ASSIGNMENT: Could you repeat every line below exactly, skipping the images?
[GIVEN INFORMATION Boundary: Start]
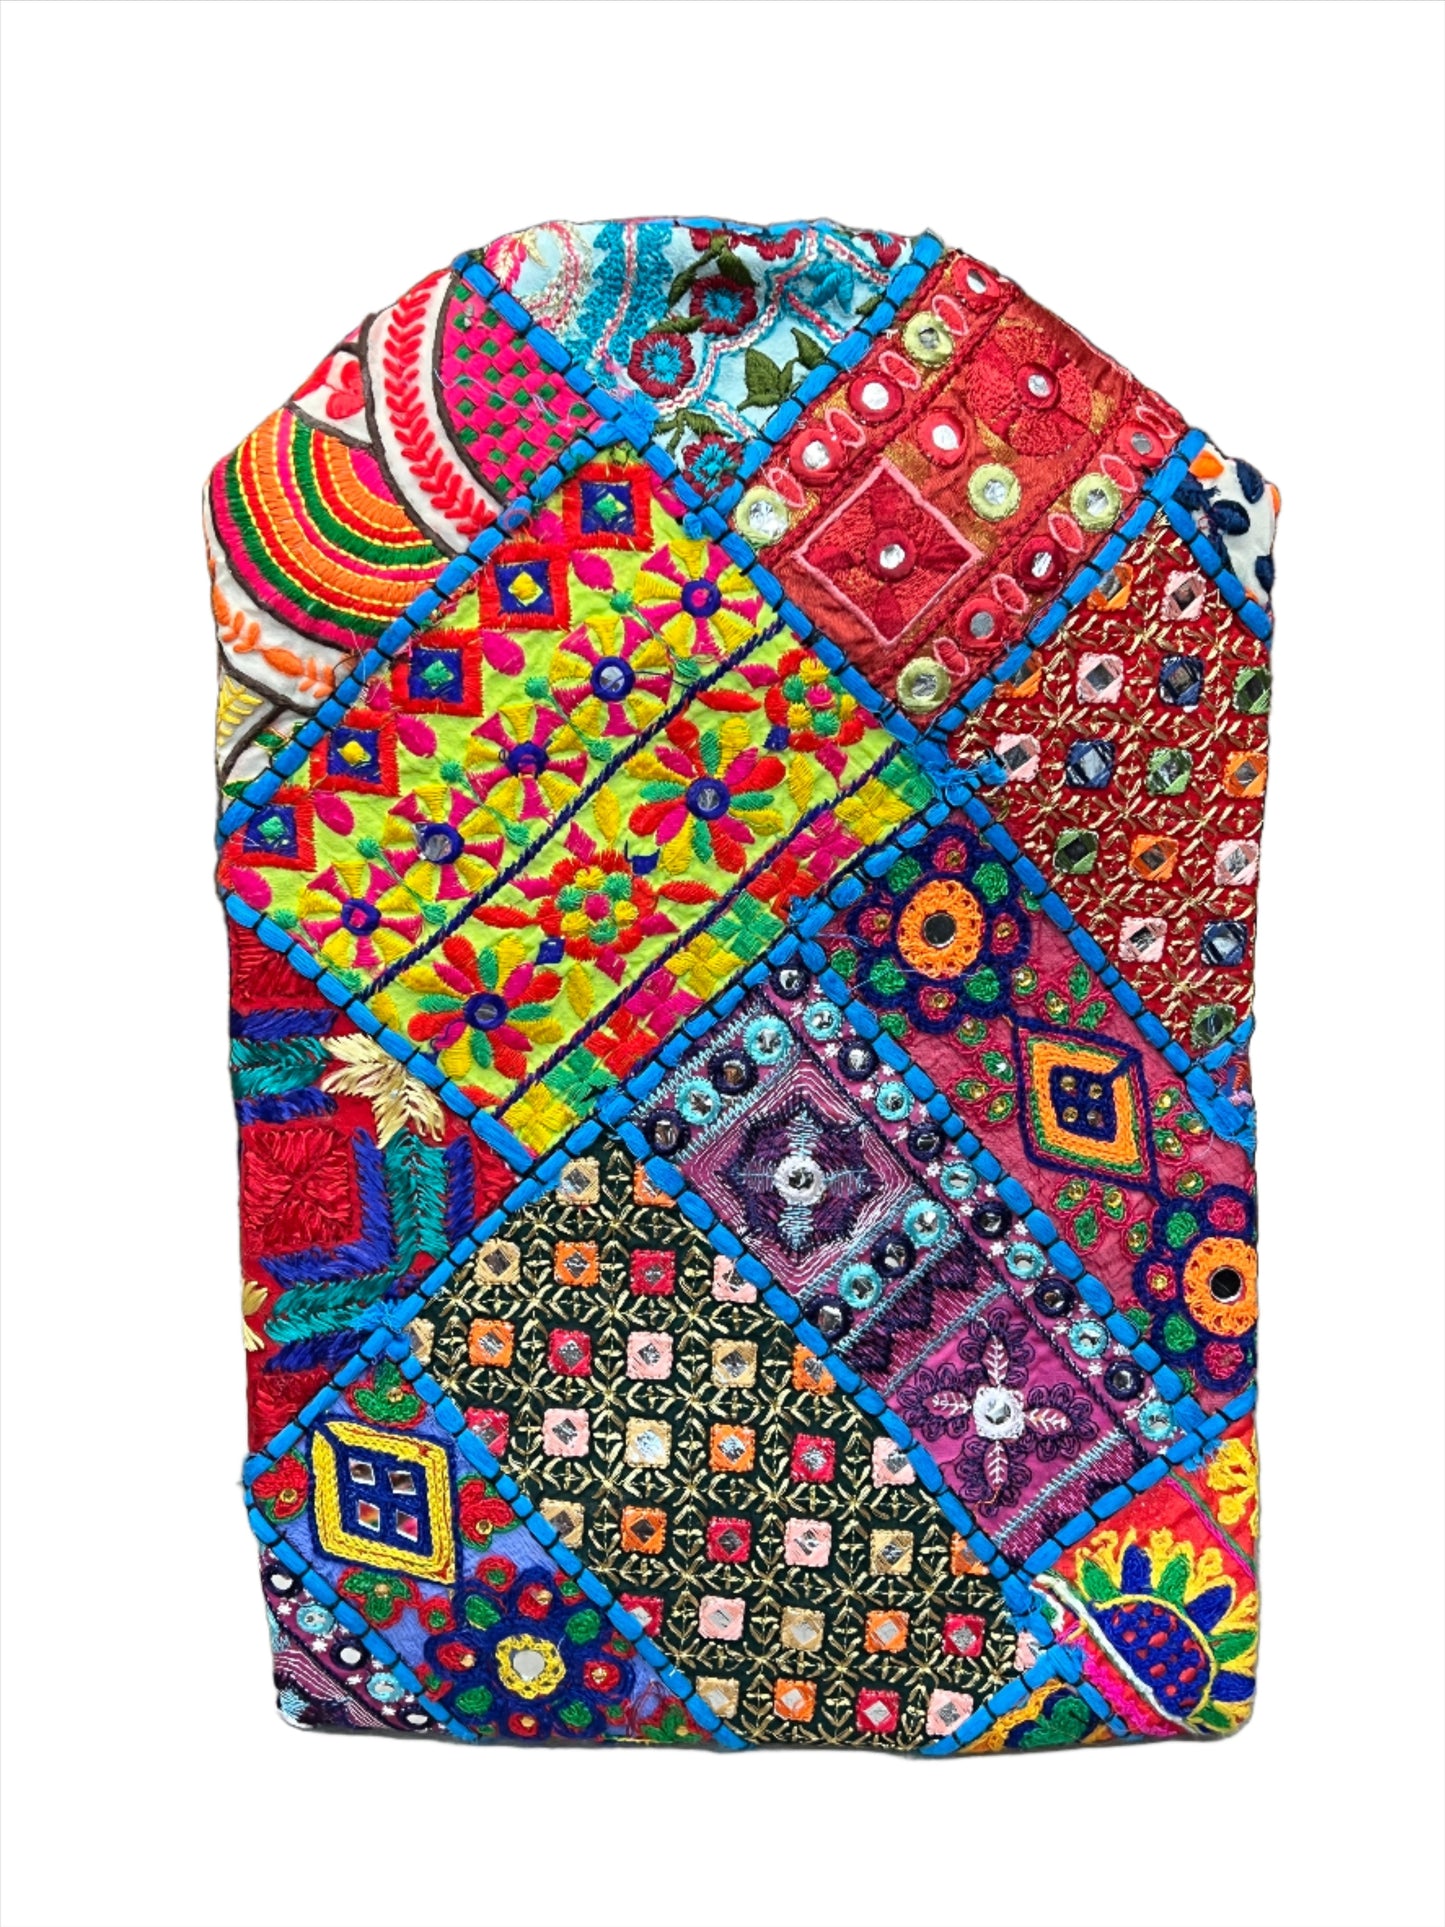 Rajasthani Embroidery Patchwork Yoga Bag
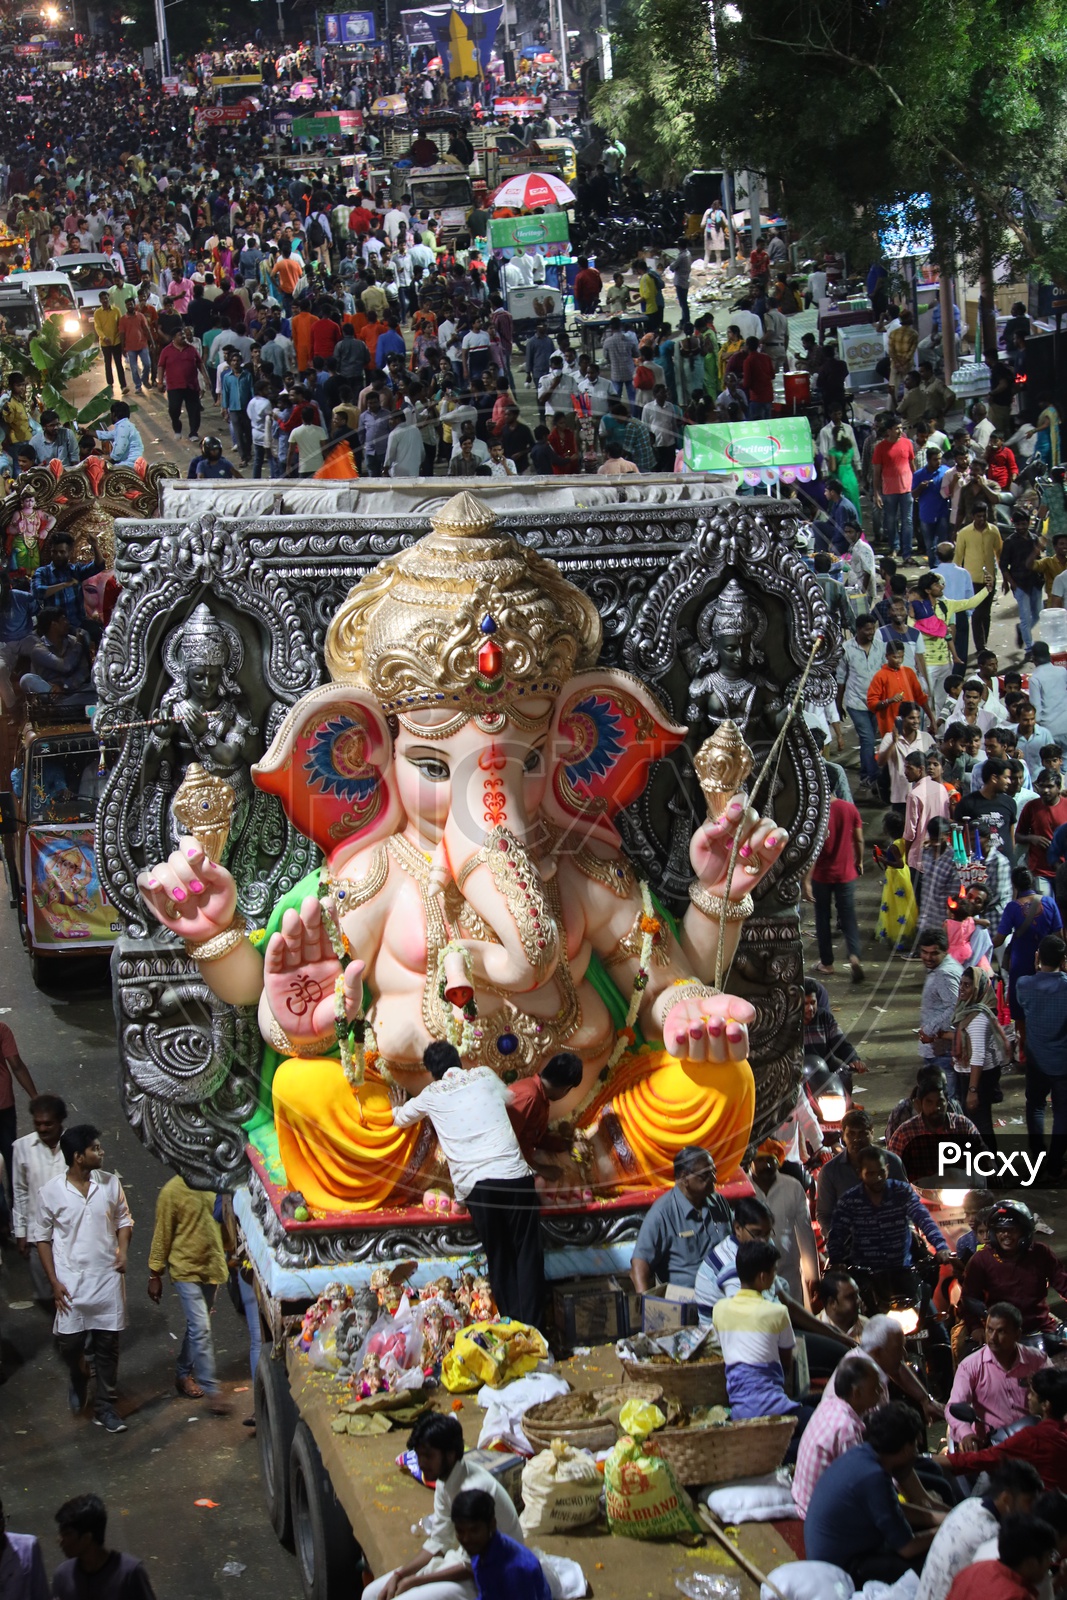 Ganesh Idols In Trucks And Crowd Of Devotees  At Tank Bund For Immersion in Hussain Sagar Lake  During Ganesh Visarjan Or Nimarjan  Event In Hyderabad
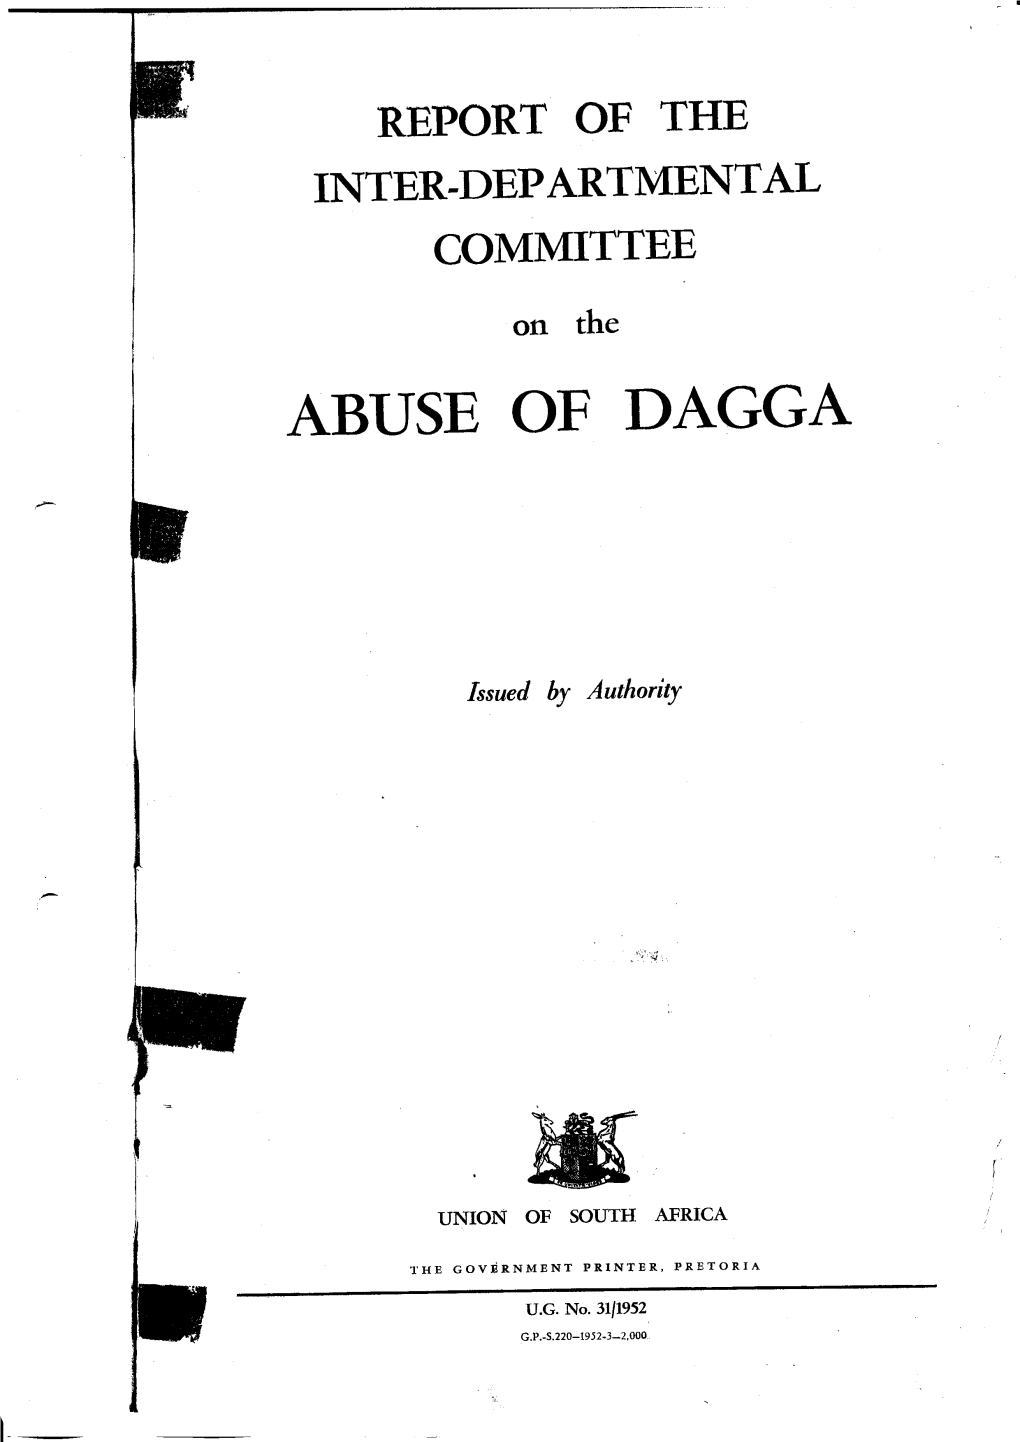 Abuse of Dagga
[GIVEN INFORMATION Boundary: End]
OUTPUT FOR THIS TASK:
 Rajasthani Embroidery Patchwork Yoga Bag
 Ganesh Idols In Trucks And Crowd Of Devotees  At Tank Bund For Immersion in Hussain Sagar Lake  During Ganesh Visarjan Or Nimarjan  Event In Hyderabad
 Abuse of Dagga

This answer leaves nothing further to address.